The evolution of governments was a constant theme throughout the course, beginning with the lesson on the Introduction to Romanticism, where Edmund Burke, Thomas Paine, Mary Wollstonecraft and William Godwin debated the equity between rich and poor that was tearing France apart. The theme continued through the lesson about the Impact of Industry.
Burke was too close to his political sources to acknowledge the atrocities that were happening to France’s poor. He argued in favor of keeping the current political system, fearing that corruption would fill the vacuum of power if the monarchy was dissolved. This fear is still prevalent today after the United States ousted Iraq’s Sadaam Hussain. In both situations, people are concerned with the vacuum of power, fearing that someone more corrupt than the current administration would fill the void.
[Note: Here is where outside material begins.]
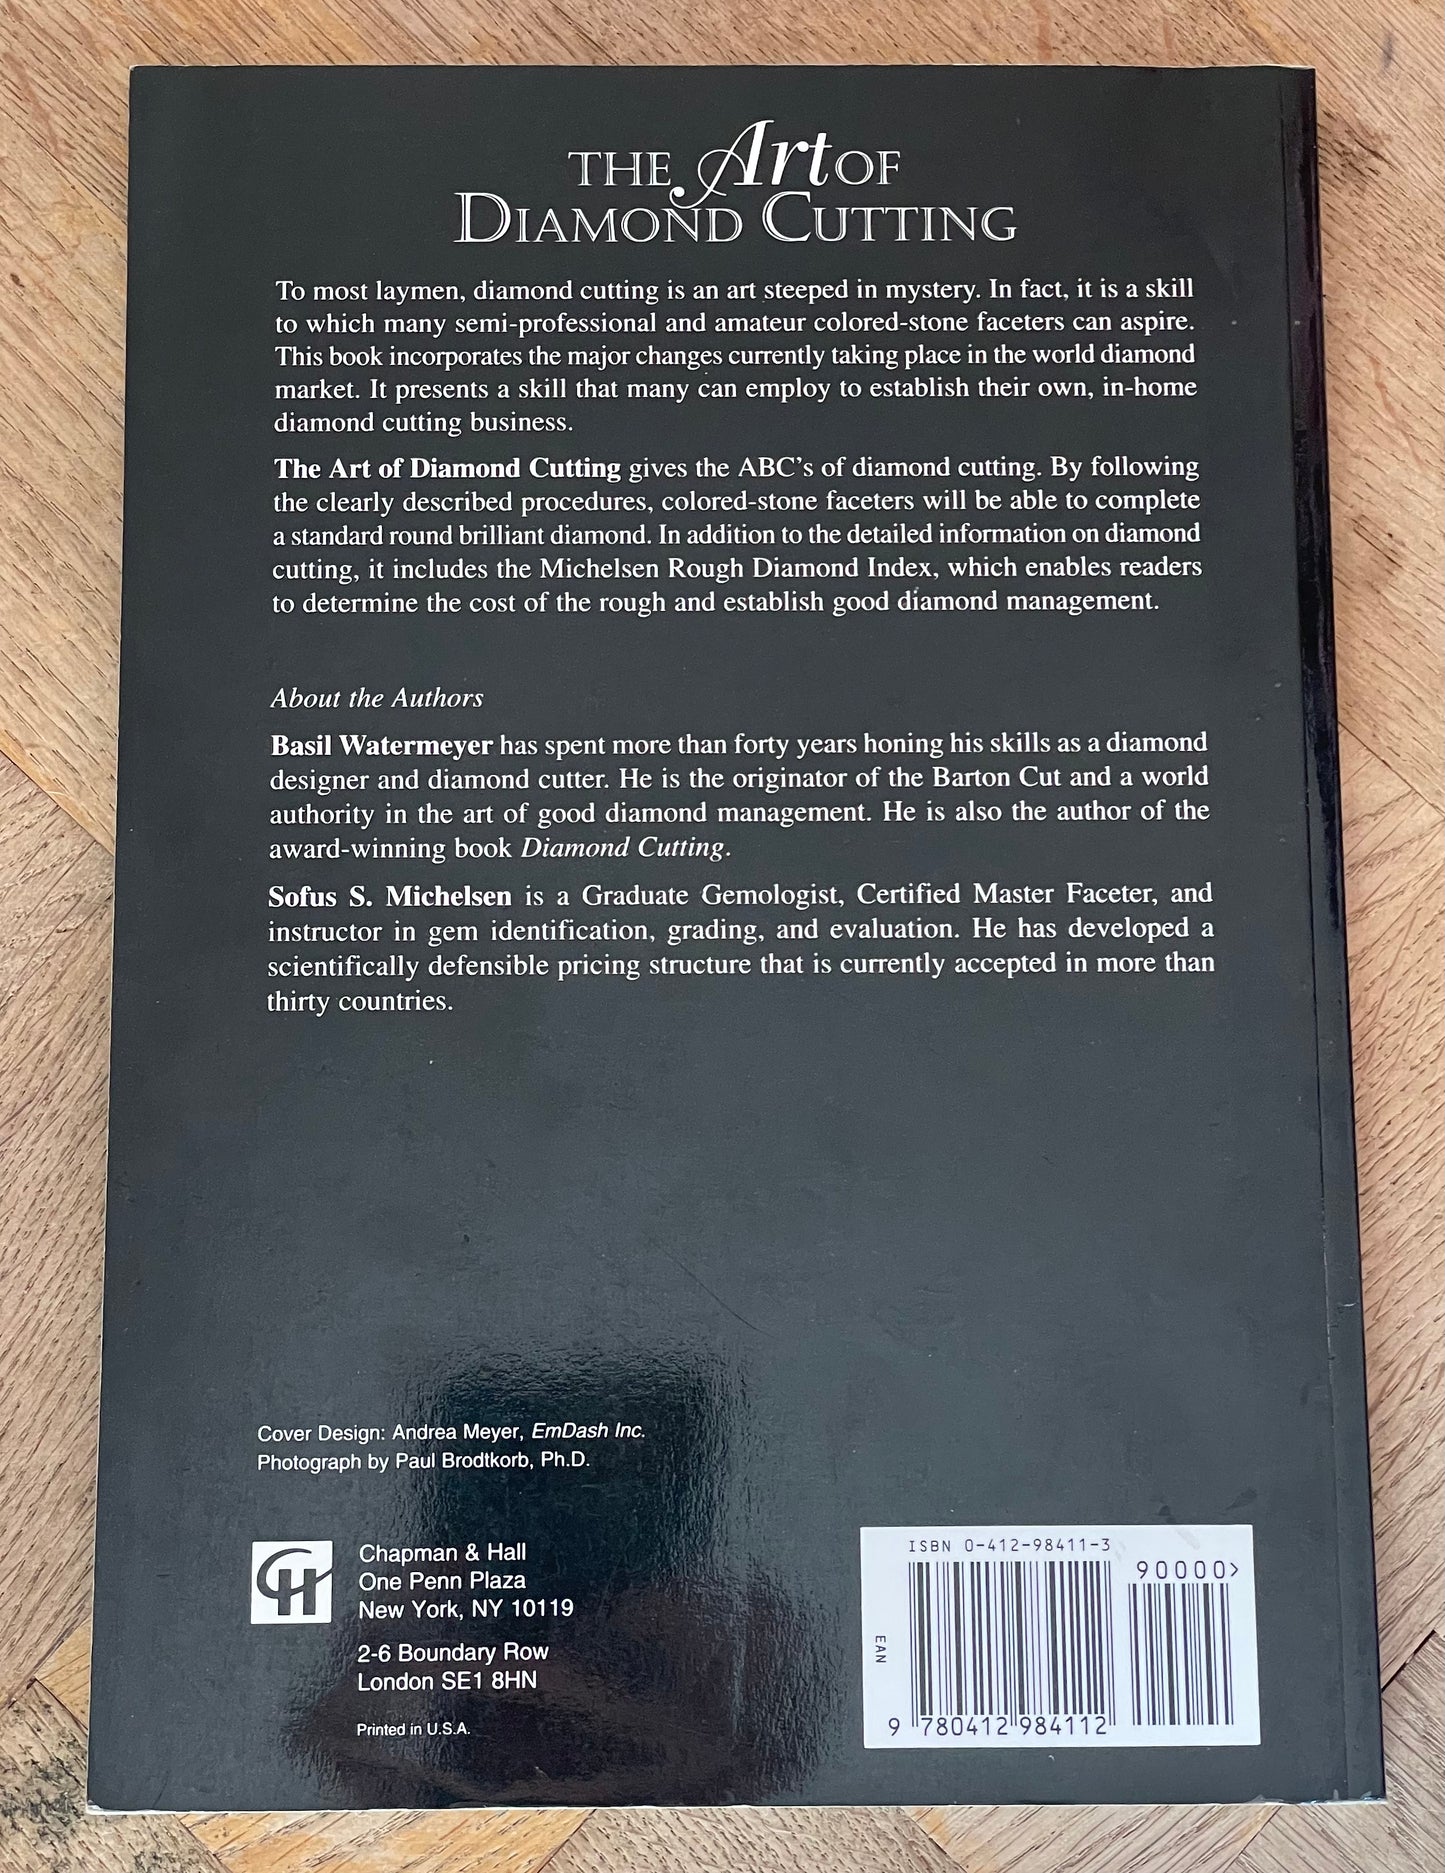 The Art of Diamond Cutting by Basil Watermeyer & Sofia S. Michelsen

Wollstonecraft countered Burke’s debate and trumpeted the plight of the poor. She argued that to turn a deaf ear to the cruelty was a vote for tyranny.
“The rich and the weak, a numerous train, will certainly applaud your system, and loudly celebrate your pious reverence for authority and establishments - they find it pleasanter to enjoy than to think; to justify oppression than correct abuses (The Longman Anthology of British Literature, The Rights of Man, p. 82).”
She added that, “They (the poor) have a right to more comfort than they at present enjoy; and more comfort...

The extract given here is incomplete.